Using the listing below, output only the lines from the one that contains "LG Optimus G" through the one that contains "Roda Brats Wheels Marcus Cida 54mm", inclusive, exactly as given and without images.

#### RECORDS SHOWN
-=-=-

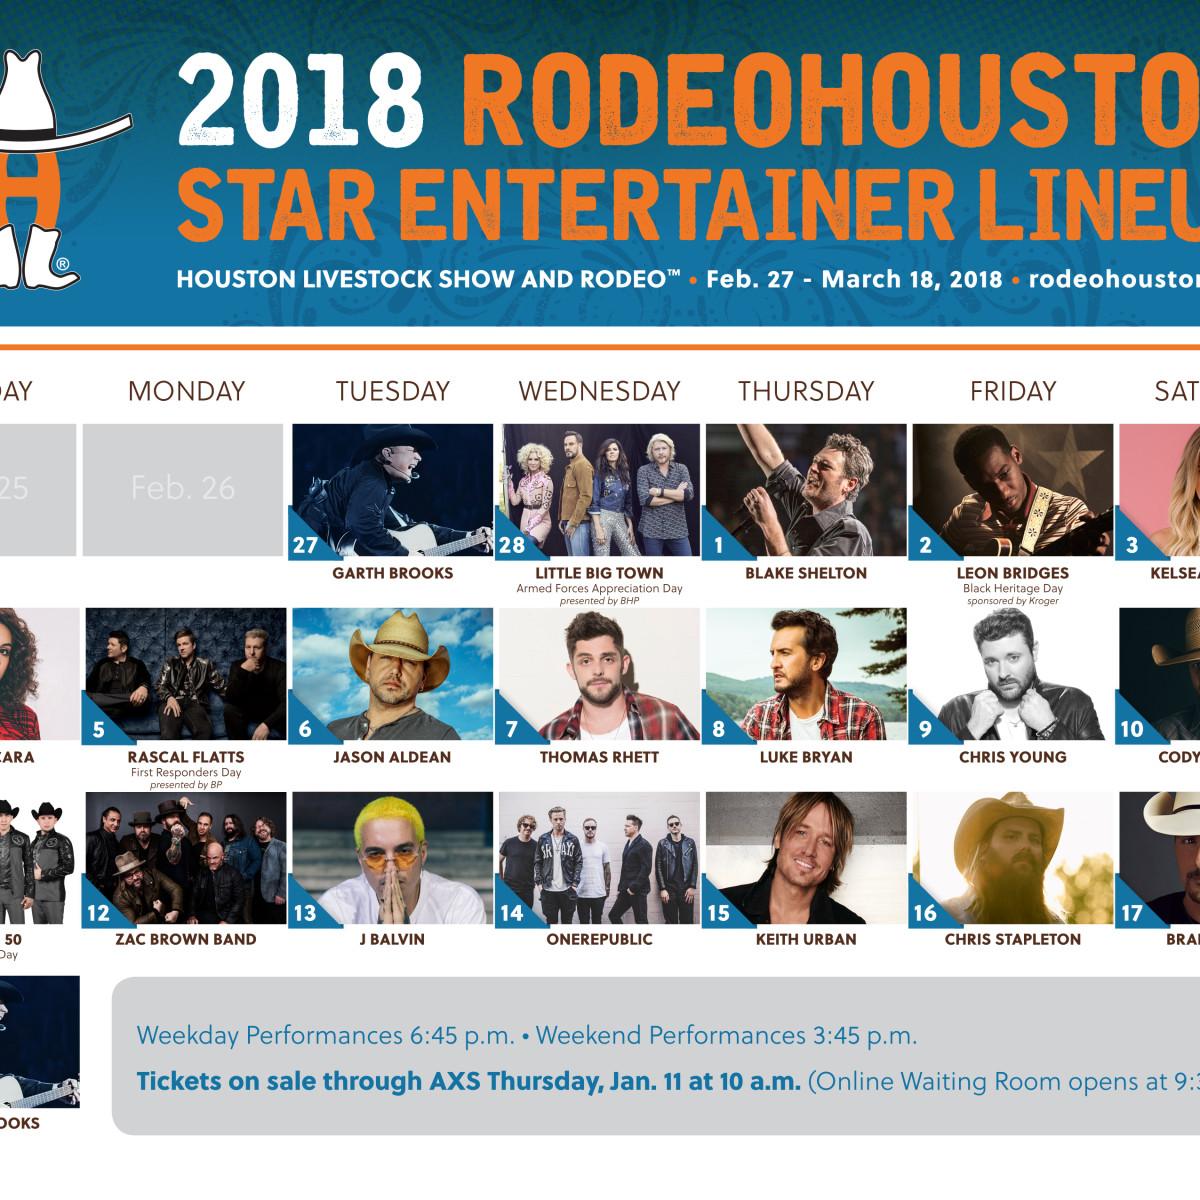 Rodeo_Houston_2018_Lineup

-=-=-

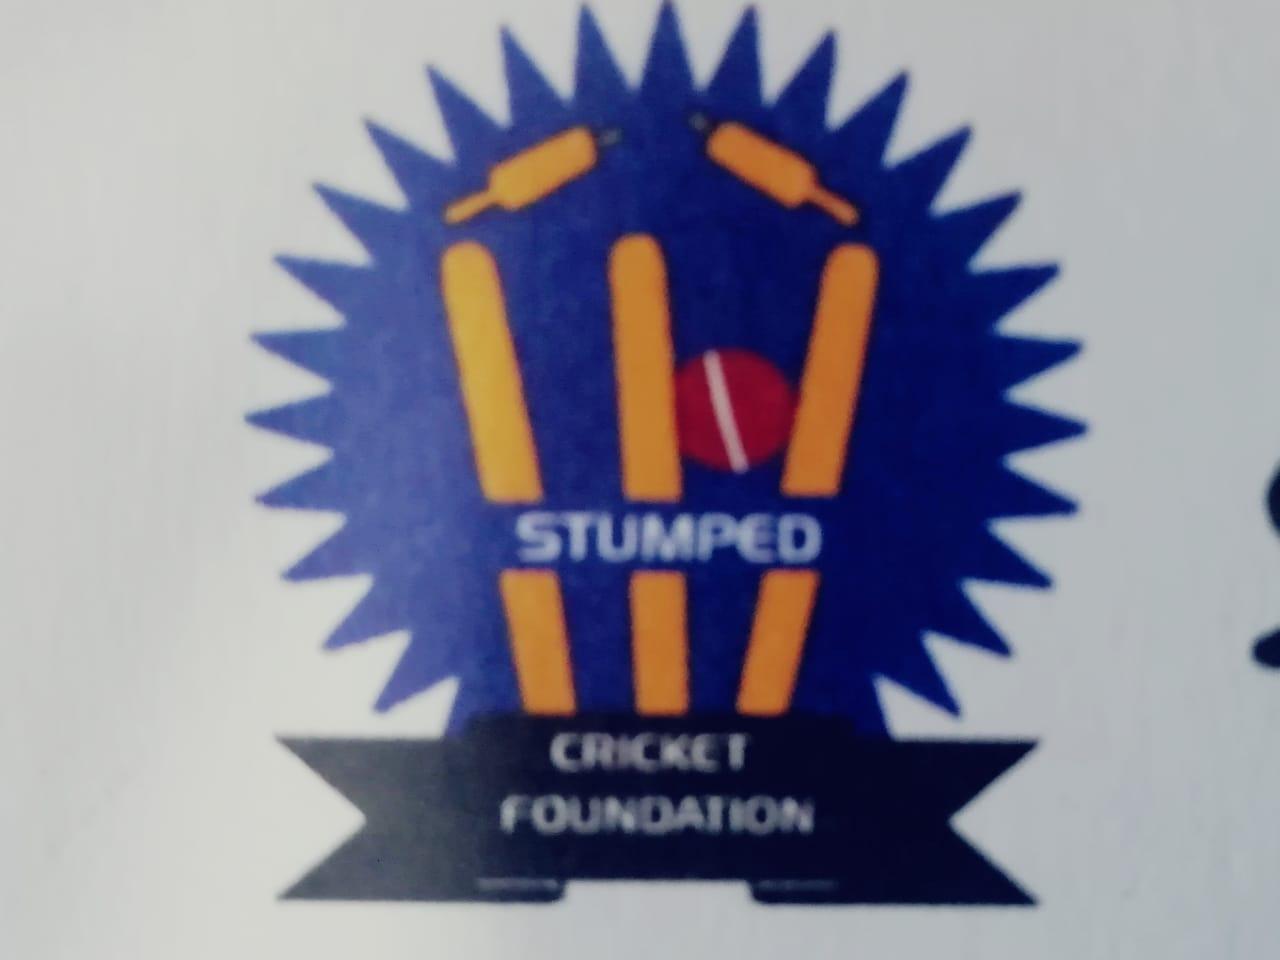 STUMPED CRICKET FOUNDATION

-=-=-

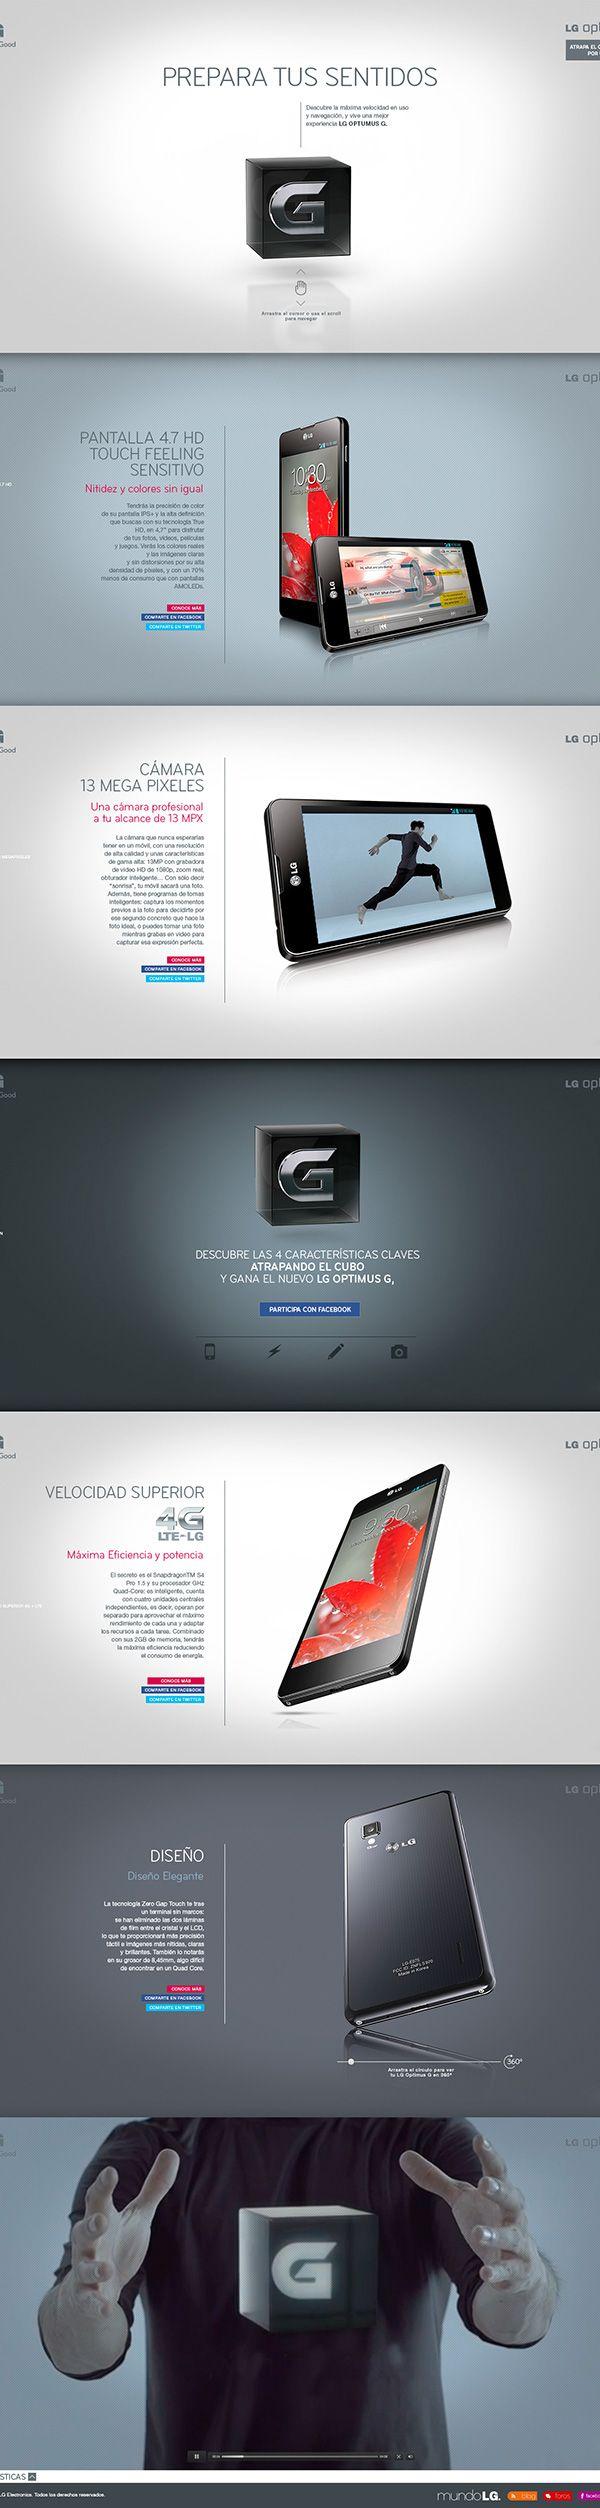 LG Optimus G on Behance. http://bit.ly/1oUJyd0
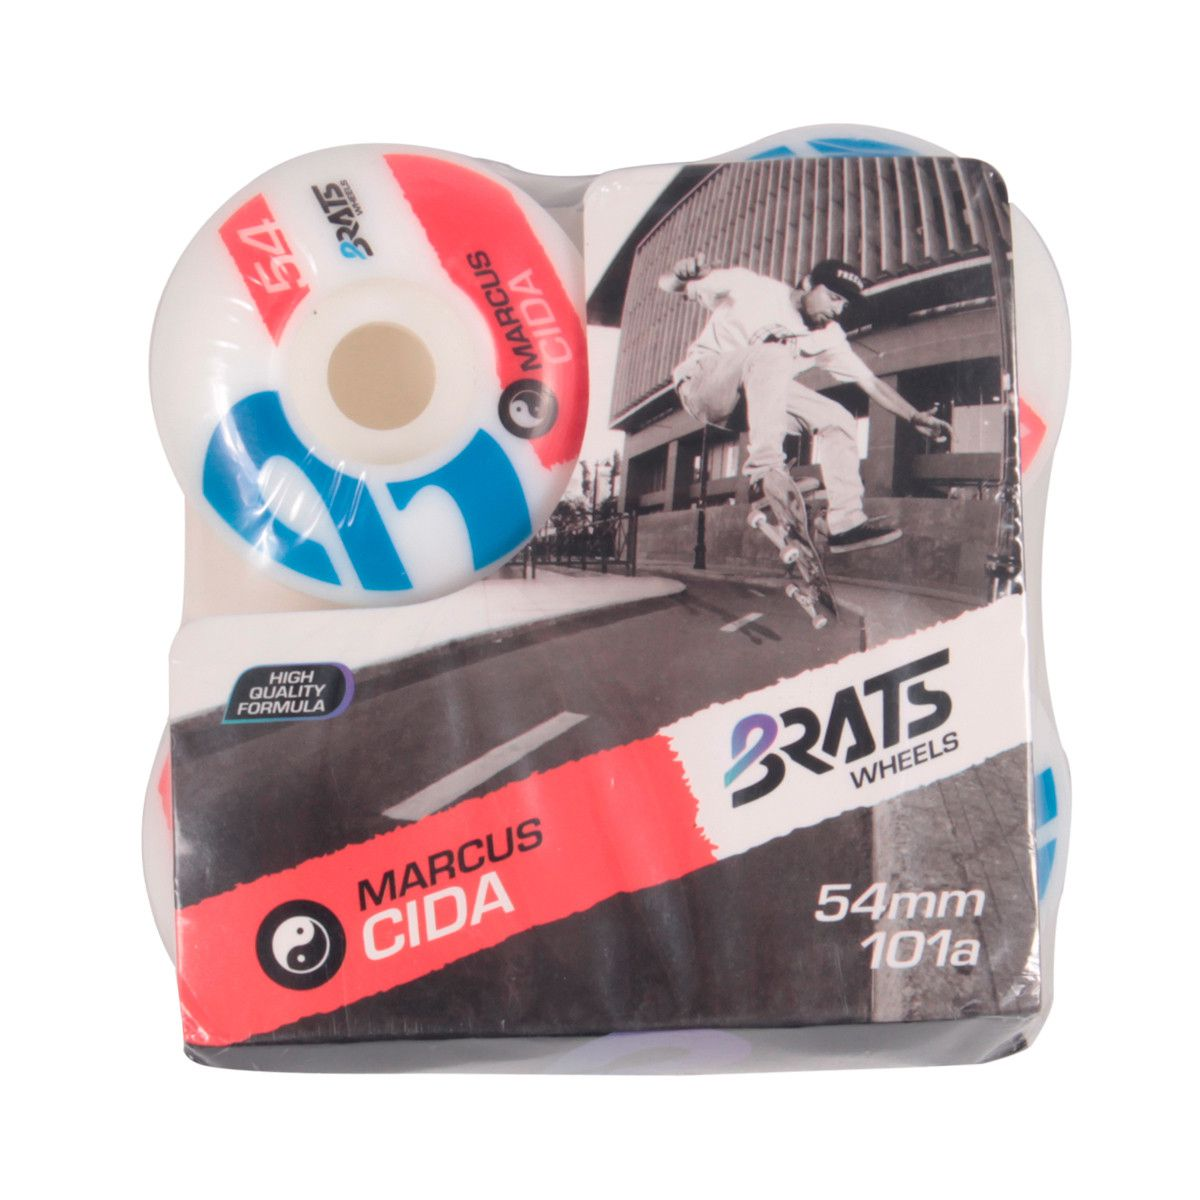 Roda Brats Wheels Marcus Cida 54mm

-=-=-

#### RESULT FOR THIS TASK
 LG Optimus G on Behance. http://bit.ly/1oUJyd0
 Roda Brats Wheels Marcus Cida 54mm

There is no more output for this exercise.